So it was time to get serious; it was time for Sleeping Beauty’s father to track down every last spinning wheel and chop it to bits. The minute Krakower left, I turned to Martina and asked her to put me in touch with the president of the Healing and Ecstasy Association for the Recovery of Toby.

Instead of complying, Martina merely snorted. “Jack, I can’t help feeling you’re riding for a fall.”

“What do you mean?”

“A fall, Jack.”

“Such pessimism. Don’t you know that psychoneuroimmunology is one of the key sciences of our age?”

“Just
look
at him, for Christ’s sake.
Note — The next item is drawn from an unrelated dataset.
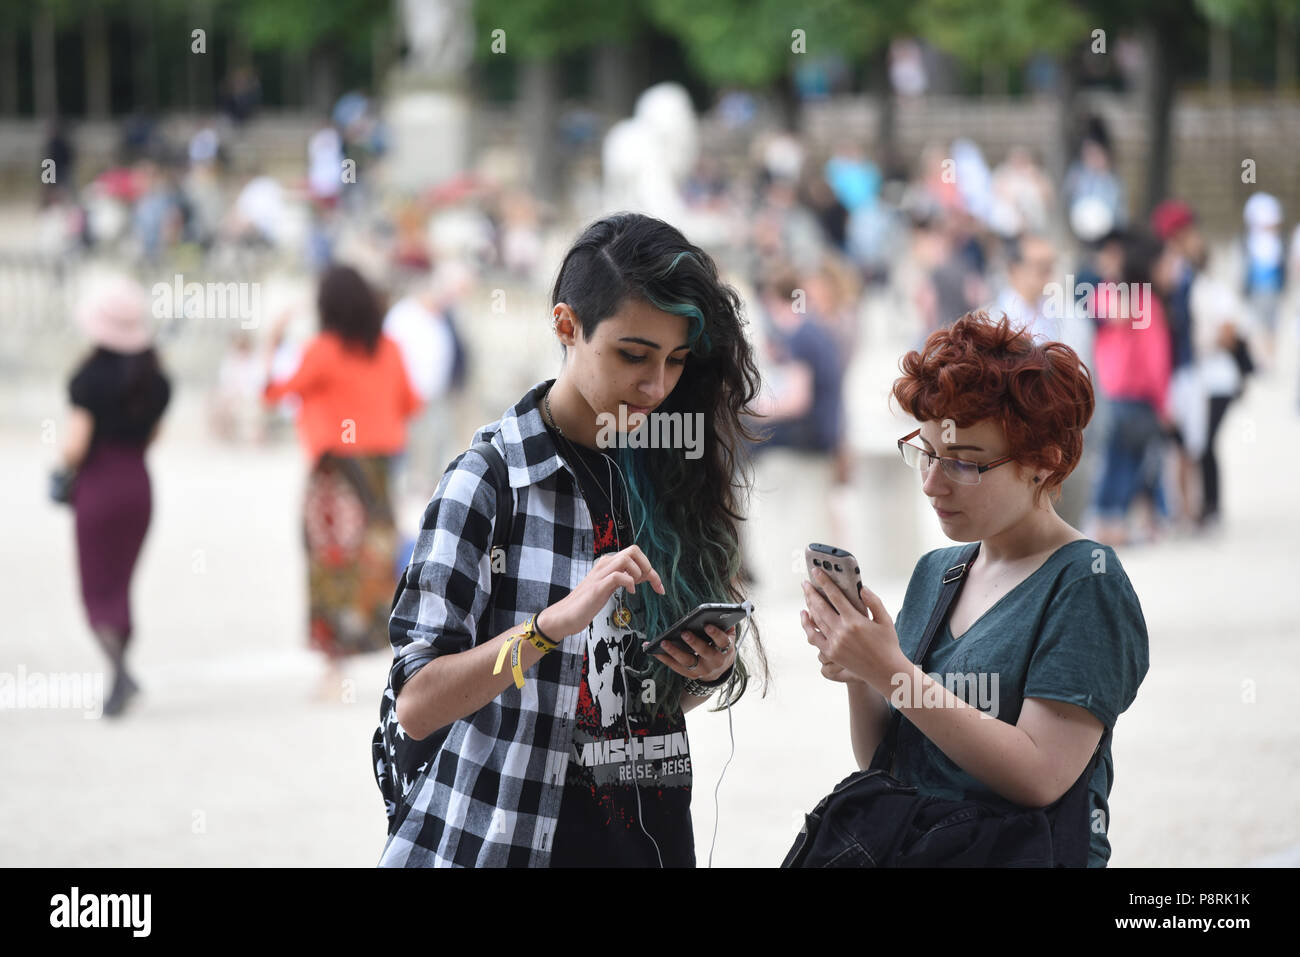 July 14, 2016 - Paris, France: French arts students Calypso (L), 17 yo, and Lorenz, 18yo, take part in a mass Pokemon hunt in the Luxembourg Garden in central Paris. Hundreds of players of the new Pokemon Go game showed up to take part in a massive hunt despite the authorities' attempt to cancel the event. Despite playing mostly solo, the Pokemon Go users enjoyed to interact and meet other players. Millions of users have already downloaded the game, which requires users to catch on-screen pokemon characters using their real-world location. *** FRANCE OUT / NO SALES TO FR Stock Photo

Look at Toby. He’s living on borrowed time. You know that, don’t you?”

“No, I
don’t
know that.” I cast her a killing glance. “Even if the time
is
borrowed, Martina, that doesn’t mean it won’t be the best time a boy’s ever had.”

She gave me the facts I needed. Anthony Raines, Suite 42, Hotel Paradise.
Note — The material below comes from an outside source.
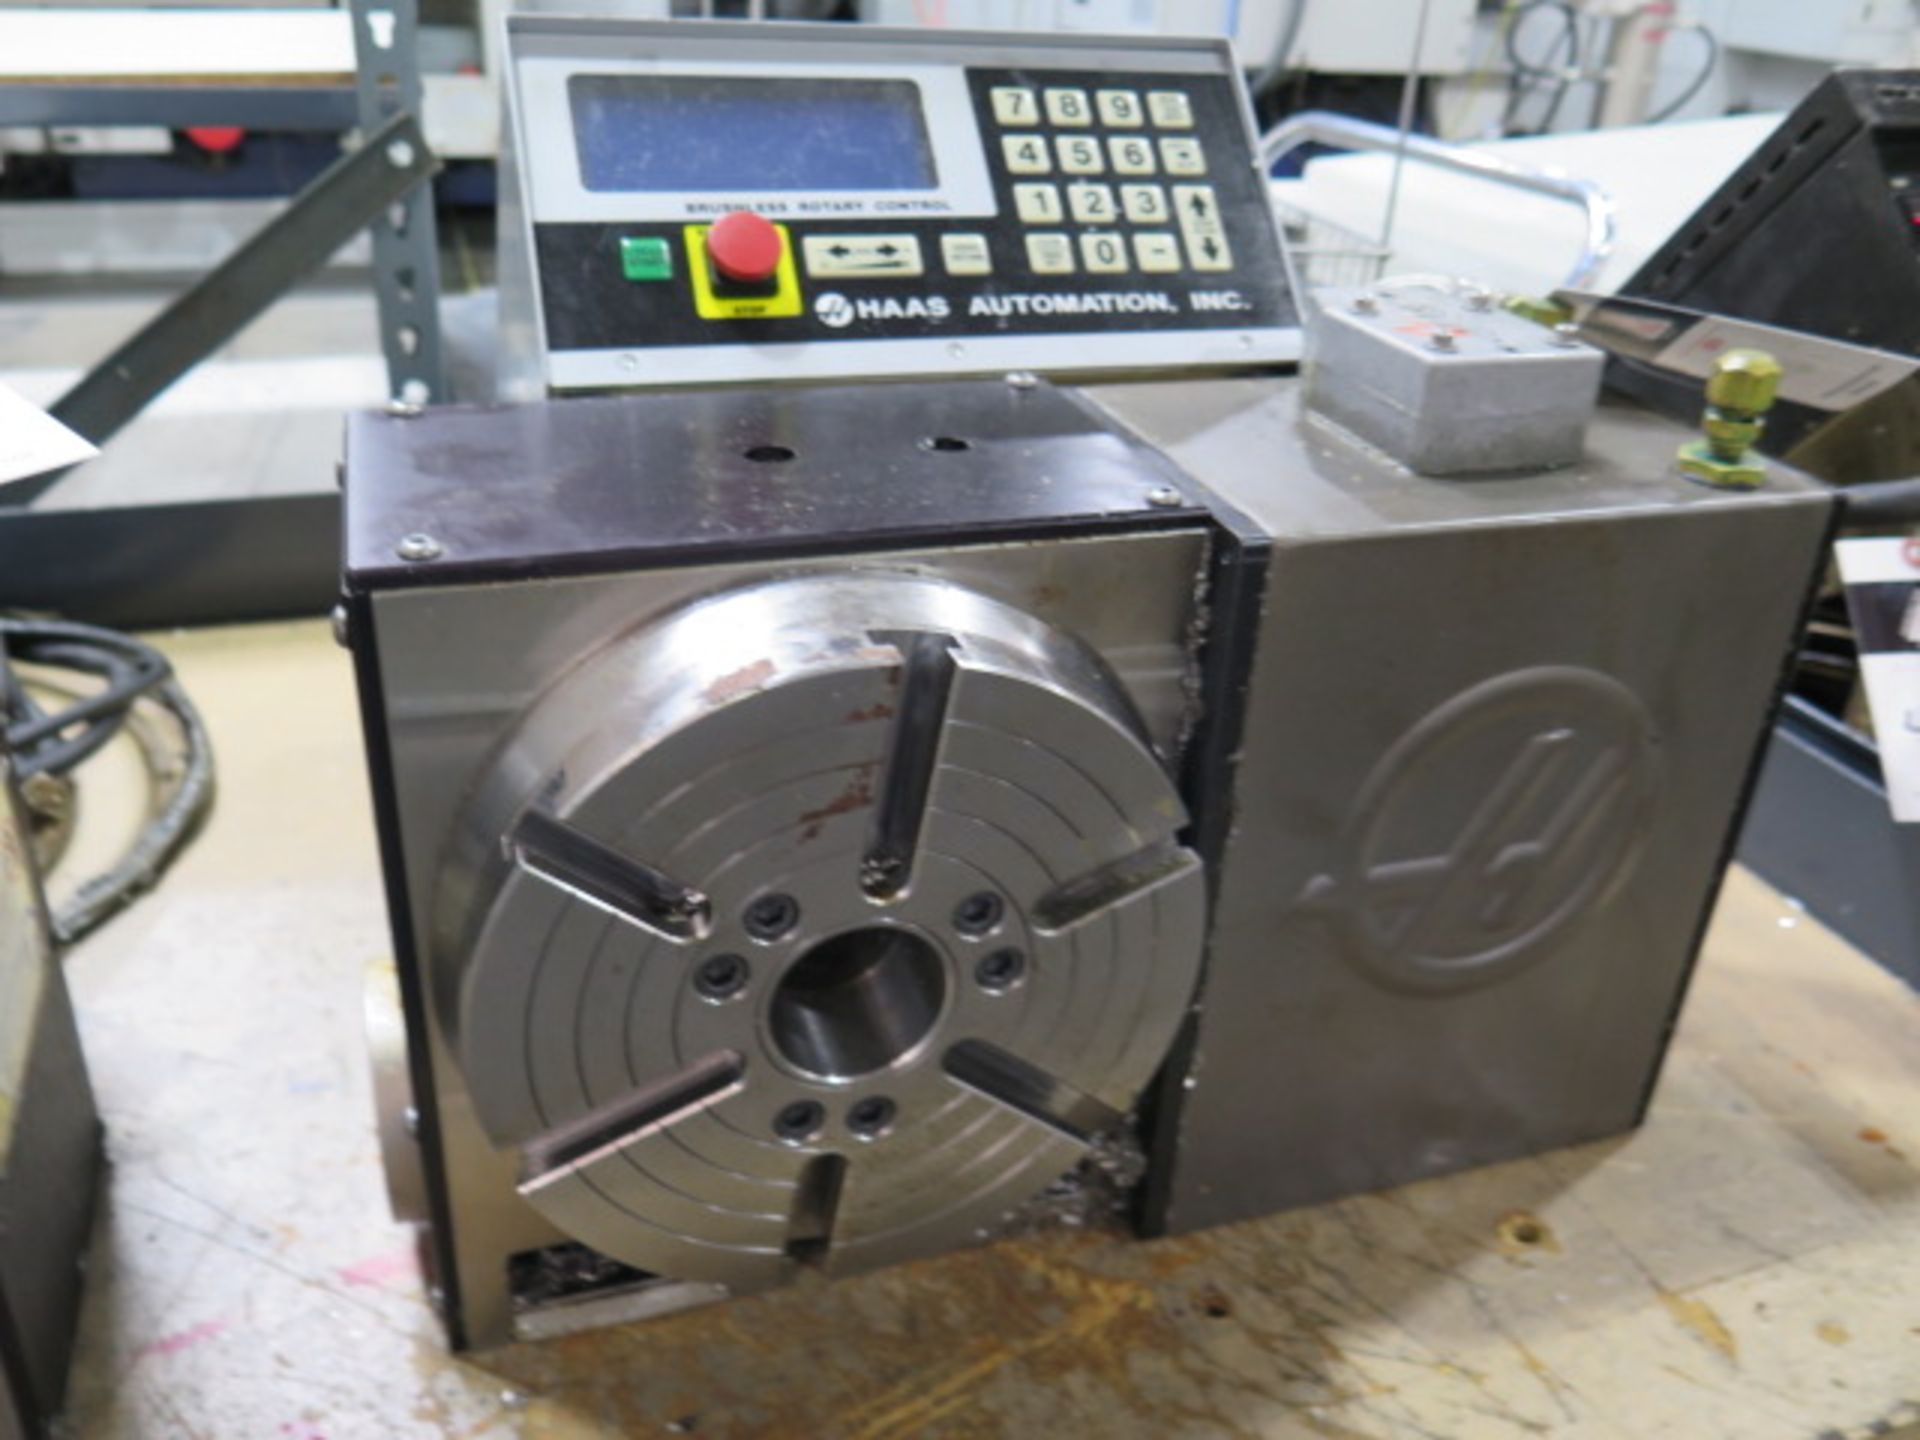 Haas HRT-210 4th Axis 8” Rotary Table w/ Haas Servo Controller (SOLD AS-IS - NO WARRANTY) - Bild 2 aus 7

I marched up the hill outside the Center for Creative Wellness and placed the call. HEART’s president answered on the first ring.

“Jack Sperry?” he gasped after I identified myself.
“The
Jack Sperry? Really? Goodness, what a coincidence. We’ve been hoping to interview you for
The Toby Times.”

“For the what?”

“Our first issue comes out tomorrow. We’ll be running stories about the fun you and Toby are having down here, his favorite toys and sports, what analgesics and antibiotics he’s taking—all the things our members want to hear about.”

The Toby Times.
I found the idea simultaneously inspiring and distasteful. “Mr. Raines, my son just entered the hospital, and I was hoping—”

“I know—it’s our lead story. A setback, sure, but no reason to give up hope. Listen, Jack—may I call you Jack?—we people of the HEART know you’re on the right track. Once Toby tunes in the cosmic pulse, his energy field will reintegrate, and then he’s home free.”

The more Anthony Raines spoke in his calm, mellow voice, the better I felt—and the sharper my image of him became: a tall, raffish, golden-haired bohemian with bright blue eyes and a drooping, slightly disreputable mustache. “Mr. Raines, I want you to mobilize your forces.”

“Call me Anthony. What’s up?”

“Just this—for the next two weeks, Toby Sperry’s going to be the happiest child on Earth.” No spinning wheel would escape my notice, ran my silent, solemn pledge. “Don’t worry about the cost,” I added. “We’ll put it on my MasterDebt card.”

I pictured Anthony Raines organizing his buddhalike features into a resolute smile. “Mr. Sperry, the HEART stands ready to help your cause in every way it can.”

* * * *

The next evening, Santa Claus visited the Center for Creative Wellness.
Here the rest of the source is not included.